Granted provisional release while his case was under appeal, Shakiro was able to escape via neighboring Nigeria to settle in Belgium, “where he is learning law, he promised me he would be a lawyer,” says Madame Nkom, smile on her lips.
Even if she remains convinced that, for the moment, homosexuality remains “a political weapon in Cameroon”. Because according to her, “it is enough to decriminalize it for the party in power to lose votes, or for this party to accuse an opponent of being homosexual for the latter to lose credibility.”
Is Alice Nkom happy?
“She is always smiling and loves coquetry,” says Maximilienne Ngo Mbe, the director of Redhac, when “Mom” (her nickname) takes out her arsenal of makeup, in the middle of the meeting table, a few minutes before addressing at the BBC.
Dripping with sweat in the humid heat of Douala, her expression darkens when asked to respond to those who believe that she encourages “other people’s children” towards sexual activity still considered unnatural in Cameroon.
“Do I know their children? These are hollow arguments, devoid of any meaning. No individual should consider a homosexual as a half-citizen.

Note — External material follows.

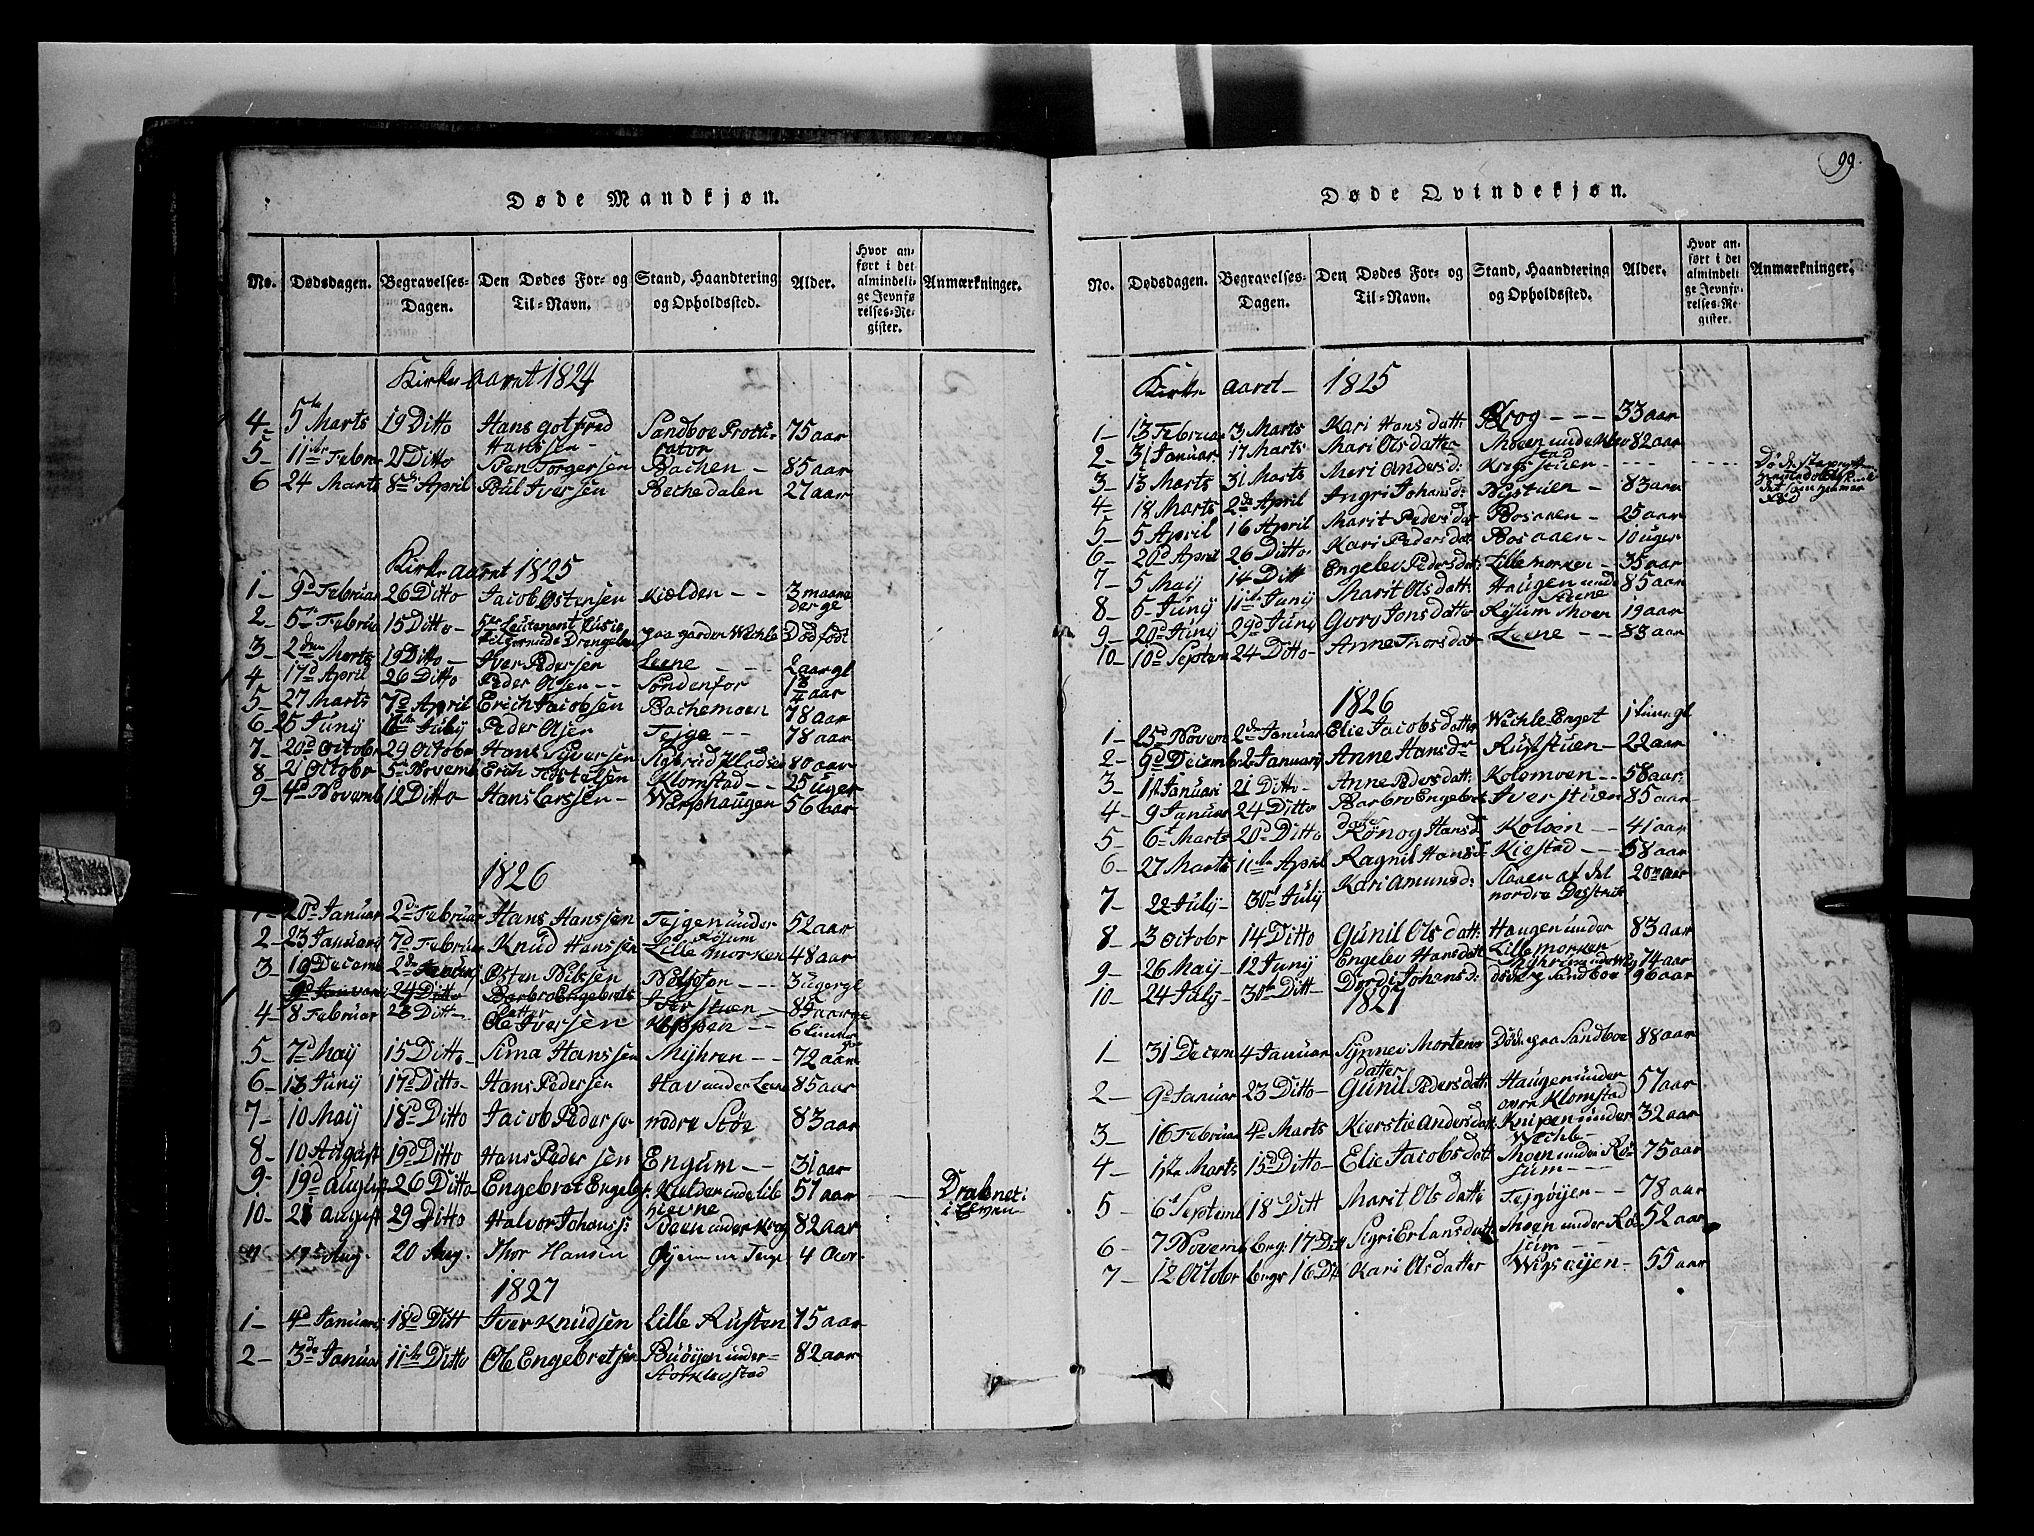 SAH, Fron prestekontor, H/Ha/Hab/L0002: Klokkerbok nr. 2, 1816-1850, s. 99

In any case, I will never leave them alone, I will defend them always.”
She raises her voice and strengthens it when it comes to talking about her condition to herself, as a mother of children (we implied that she was heterosexual when asking the question), and a lawyer of the homosexual cause.
“I don’t talk about my private life,” she says firmly.
Before continuing, “I have never asked my children if one of them is homosexual or not, I told them I don’t even want to know”
Winner of several awards for her commitment to LGBT rights in Cameroon, Alice Nkom says she is happy with the profession she exercises.
“I am happy today to bring people a little of their dignity lost because of people’s jeers, because of the rigor of the false laws of the Republic,” she concludes.